有価証券報告書-第121期(令和2年4月1日-令和3年3月31日)
(3) 【監査の状況】
① 監査役監査の状況
a.組織・人員
当社の監査役会は、監査役5名であり、うち社外監査役が3名となります。各監査役の状況は以下のとおりです。
また、監査役室を設置し、専従かつ執行側からの一定の独立性が確保された従業員を5名配置し、グローバルな情報収集・分析や現地調査の支援など、監査役の職務を補助しております。
b.監査役会の運営
当事業年度において、監査役会は合計14回開催され、1回あたりの平均所要時間は約2時間半でありました。なお、当事業年度は新型コロナウイルス感染予防対策として、監査役会についてもリモート会議を併用しながらの開催としております。各常勤監査役、及び独立社外監査役の監査役会並びに取締役会への出席状況は以下のとおりとなります。
(注) 1 栗原克己氏、鳴沢隆氏及び西山茂氏は、2020年6月26日開催の第120回定時株主総会終結の時をもって退任するまでの出席回数を記載しております。

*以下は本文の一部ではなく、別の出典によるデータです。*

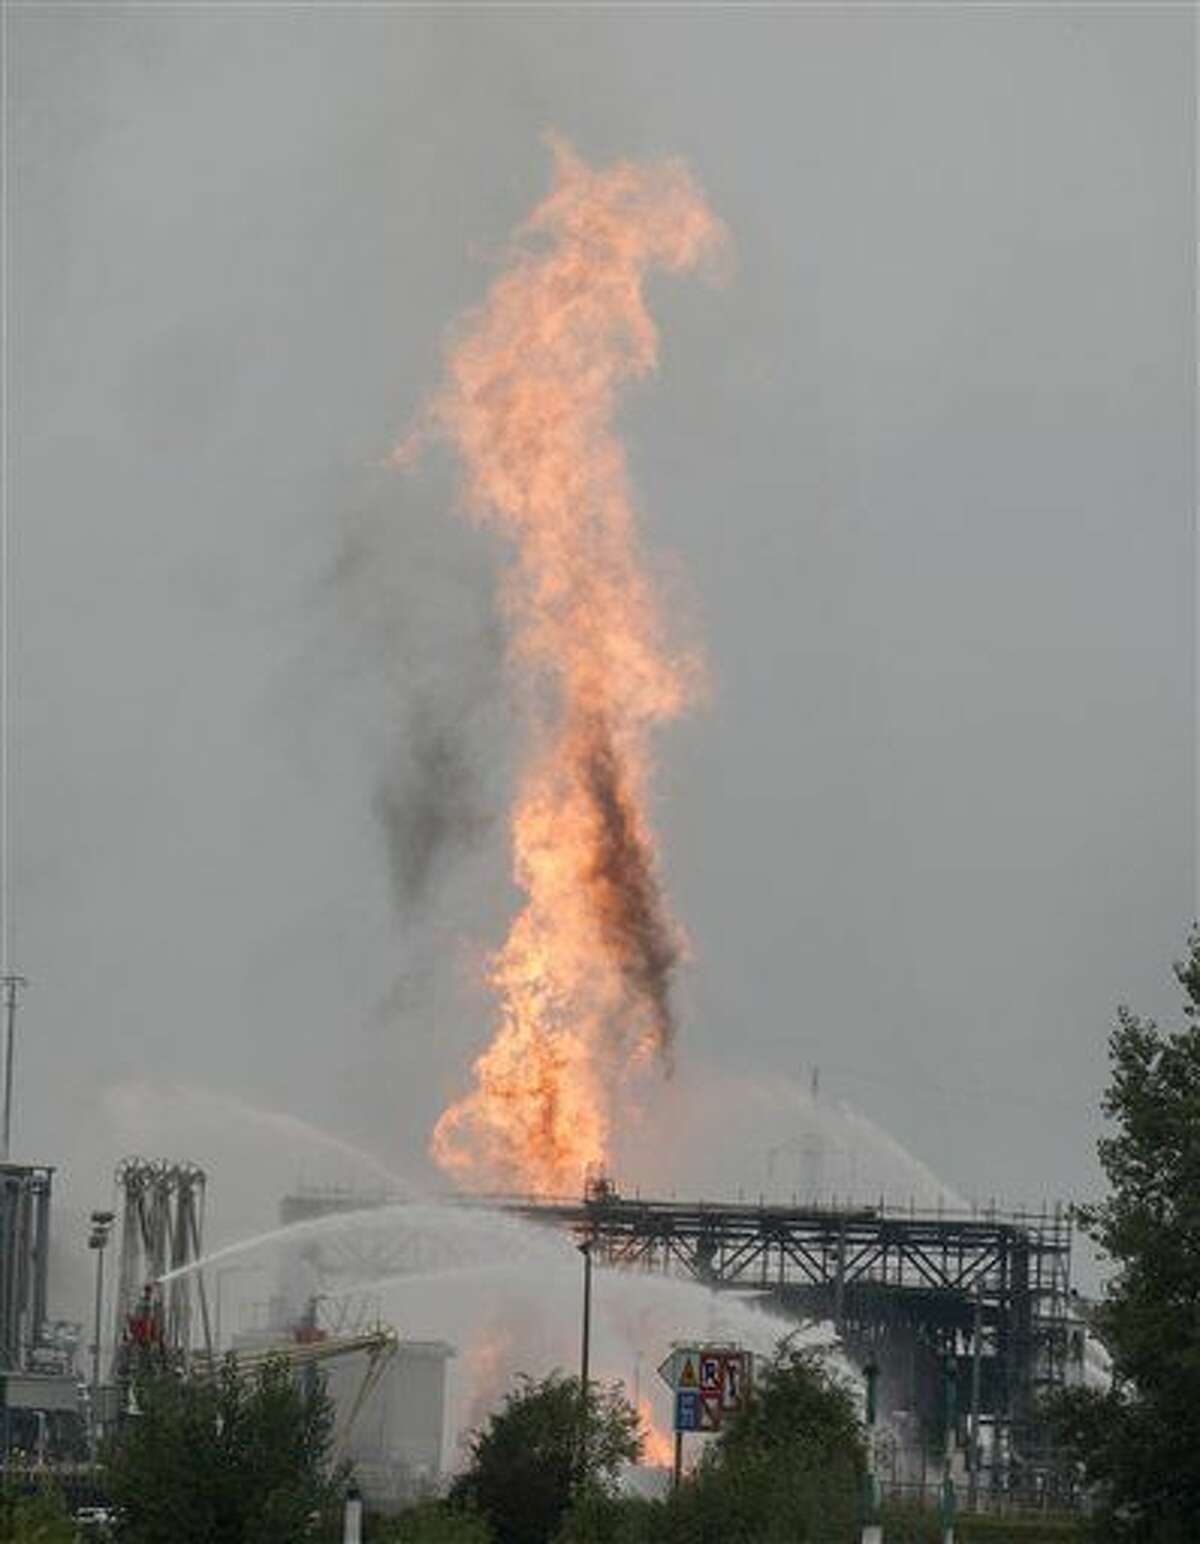 Firefighters extinguish flames during a fire at BASF chemical plant in Ludwigshafen, Germany, Monday Oct. 17, 2016. The company said that several people were injured in a late-morning explosion. (Frank Rumpenhorst/dpa via AP)

(注) 2 辻和浩氏、小林省治氏及び古川康信氏は、同総会において選任され、就任した後の出席回数を記載しております。
また、監査役会における主な共有・検討事項は以下のとおりです。
・監査方針、監査計画及び業務分担について
・海外子会社のガバナンス強化について
・会計監査人に関する評価について
・常勤監査役職務執行状況(月次)
・取締役会審議状況レビュー
・監査役候補者選任について
・投資委員会の運用状況について
・社内カンパニー制への移行に伴う監査の着眼点について
なお、当事業年度の監査上の主要な検討事項(KAM:Key Audit Matters)については、前事業年度に試行した作成検討プロセスに従い、会計監査人の監査計画説明や四半期監査報告などでコミュニケーションを図るとともに、監査役としても、適宜執行部門に説明を求めるなどの対応を行いました。
C.監査役会及び監査役の活動状況
監査役会は、(1)取締役、(2)業務執行、(3)子会社、(4)内部監査、(5)会計監査 の5つの領域についてのリスクや課題を検討し年間の活動計画を定めました。各領域に対する監査活動の概要は表1のとおりになります。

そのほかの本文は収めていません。